And as I see that I cannot trust much of what is going on around me, I’ve been struck recently by how often I trust myself in all the wrong ways. I am so prone to believe my own terrible advice, and so prone to doubt and despair when things don’t work out the way I think they should.
...When I lose hope and despair, does that not show that I am more confident in the strength of the world than the strength of my God Who created it? I trust my ability to understand the situation I am in instead of trusting the almighty God Who is at work in even the most difficult of circumstances. I am more confident in my own weakness than I am in God’s strength. In the end, it’s a worship issue. I am not worshiping God when I forsake His word for my own advice. I am not worshiping God when I refuse to trust Him with all that is going on.
It’s all backwards. I’m all backwards. And I need the Gospel to rescue me once again from these things. ...God calls me to trust Him, to rely on Him, to worship Him. He calls me to be free of my own self-confidence, self-reliance, self-worship. He calls me to doubt myself and believe in Him. Only in Christ are we able to say that we are both more sinful and weak than we would like to admit, and yet more loved that we could ever dare to dream.
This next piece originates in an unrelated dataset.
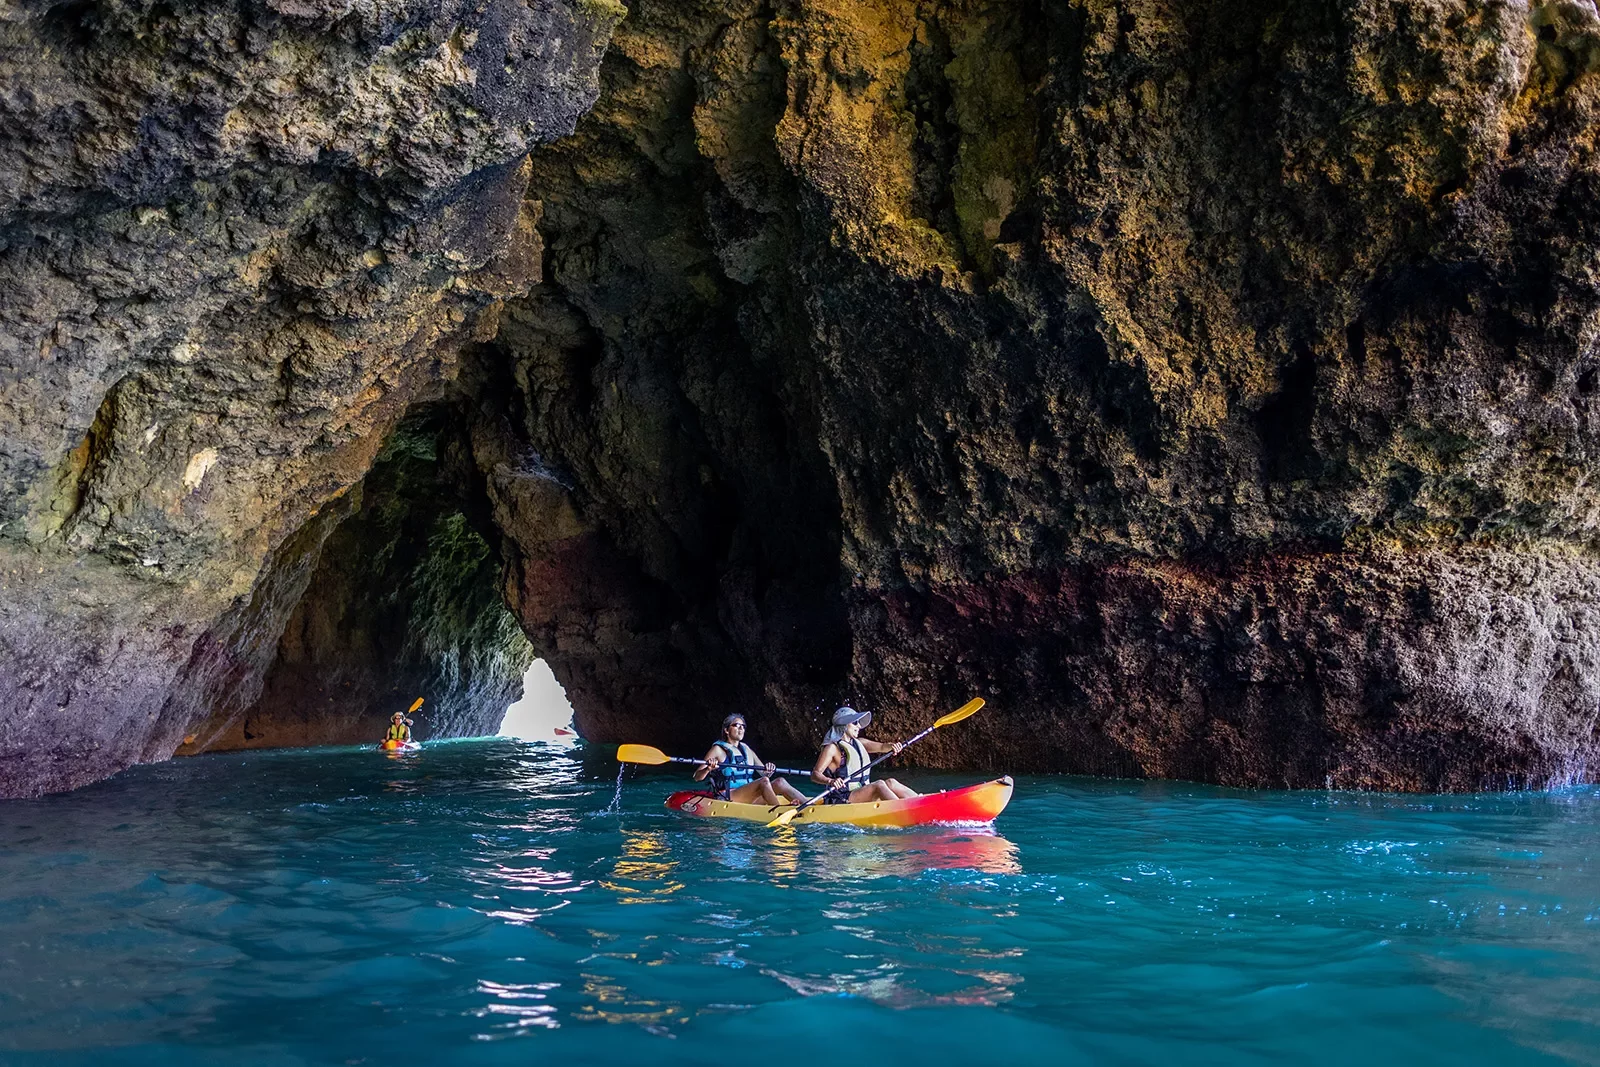 Kayaking through a cave in Portugal

I’m trying to trust myself less, even as I realize that so much around me is like shifting sand and untrustworthy. This world is subject to constant change, and my heart seems to flow right with it. I need a Rock to stand on. Fortunately Jesus has given us that Rock—Himself. And, as I seek to love and know Him, He continually reminds me that He has made me one with Him and His Father, and I really have nothing to fear. I’m so thankful that He does not leave me to die as I trust myself, but rescues me even then.